June has four capacious, indestructible tote bags, in black, brown, navy, and bone. She is embarrassed and proud, too, defiant about her bags, all just like her mamas pocketbooks, and when they window-shop, she looks sideways at tiny evening bags with thin, pointless straps, jewel-studded bouquets, playful minaudières, and she shakes her head. “Not for the mother of Larry.” She doesn’t say anything about what the wife of Horace should wear. He won’t tell her, and she makes herself believe, whistling in the dark of love’s signless neighborhood, that he does like her, must love her, as Larry’s mother, and will then come upon her, and love her, as June.
She fell in love as he spun through Michigan, a hundred times handsomer than the other handsome boys, kinder than the other sports stars. Even girls he slept with only once had nothing bad to say about him. A big hello for everyone, putting his arm around every girl, including the plain and dull, as if it were a privilege and a pleasure, always making it clear that his singleness was not due to any shortcoming on their part, but entirely and only because he hadn’t been ready. And each woman knew that if he’d been ready, it would have happened with her. He attended eighteen weddings in four states the summer after his senior year.
June’s small circle barely overlapped his; her friends were Christian, future nurses and social workers and mothers, and they held themselves apart from the radical girls with wide Afros and new names and hoop earrings to their shoulders, and apart from the Black Power boys in tight jeans and berets, sexy and scary and wrong, and they held themselves apart from the white girls who were everywhere, Jewish girls with auburn Afros and little blue glasses on their long noses, Protestant girls with Breck-shampoo blonde hair, flat as silk to their skinny behinds, managing to apologize for that hair and still toss it around a room like Stardust. If June had not moved to Boston, by chance and because her mother’s best friend was director of a nursing program, she might have lost Huddie sooner. But she saw him play two games for the Celtics (her mother’s best friend was a fan, had touched the smooth hands of JoJo White and wept during John Havlicek’s last game), jumping to the very rim of the basket, above the heads of bigger men, and she saw him fall to the hardwood floor like wet laundry. She heard the snap before she saw him curl up, grey with pain, and although it broke her heart, she was reasonably sure he wouldn’t play again.
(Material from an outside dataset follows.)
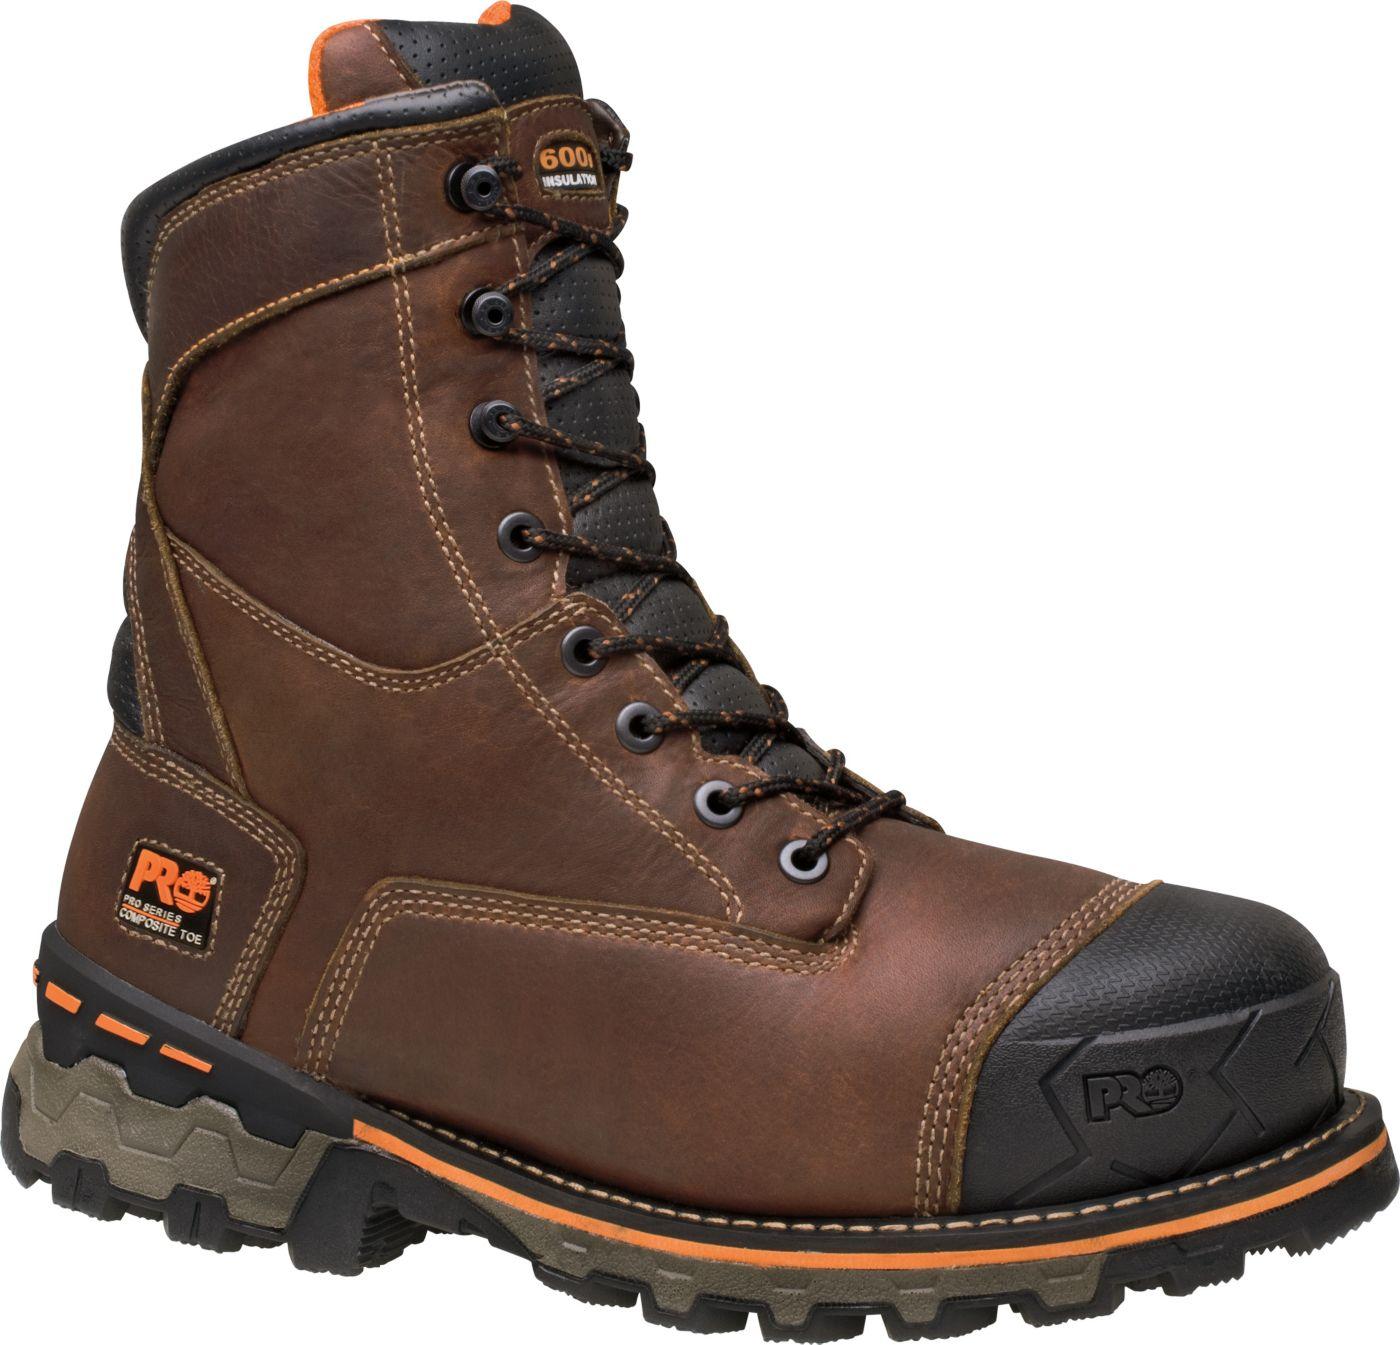 Timberland PRO Men's 8'' Boondock Waterproof 600g Composite Toe Work Boots

She had a girlfriend hand-deliver a sympathetic and encouraging card to his hospital room. She wrote Huddie about her old boyfriend who broke his knee and went on to play three more seasons (in high school and badly, she did not write) and sent a batch of oatmeal-raisin cookies. After two weeks, she sent another batch of cookies to his apartment with a friendly, dignified note on her own stationery suggesting the name of a good physical therapist. Finally he had to thank her, and as sweetly as she could, she kept him on the phone until a visit seemed in order. She was maid, secretary, cheerleader, and rehab assistant. She did not presume to call herself girlfriend, and when the model types were around she faded, and when they stopped coming, when his contract was not renewed and the Phoenix Suns went back on their offer and the Italians sent only a case of Barbaresco and their condolences, she made spaghetti with Italian sausage and listened while Huddie talked about red wine and the kind of restaurant he’d like to run. She finished nursing school and they were still together. And he had not found his feet in real estate or insurance or franchises and he didn’t sleep well or long. He never blamed anyone. June was happy to be pregnant, happy to be a pediatric nurse, happy to leave the terrible cold and terrible white people of Boston, happy to be handsome, kind Huddie Lester’s wife. She willed him to be happy with her.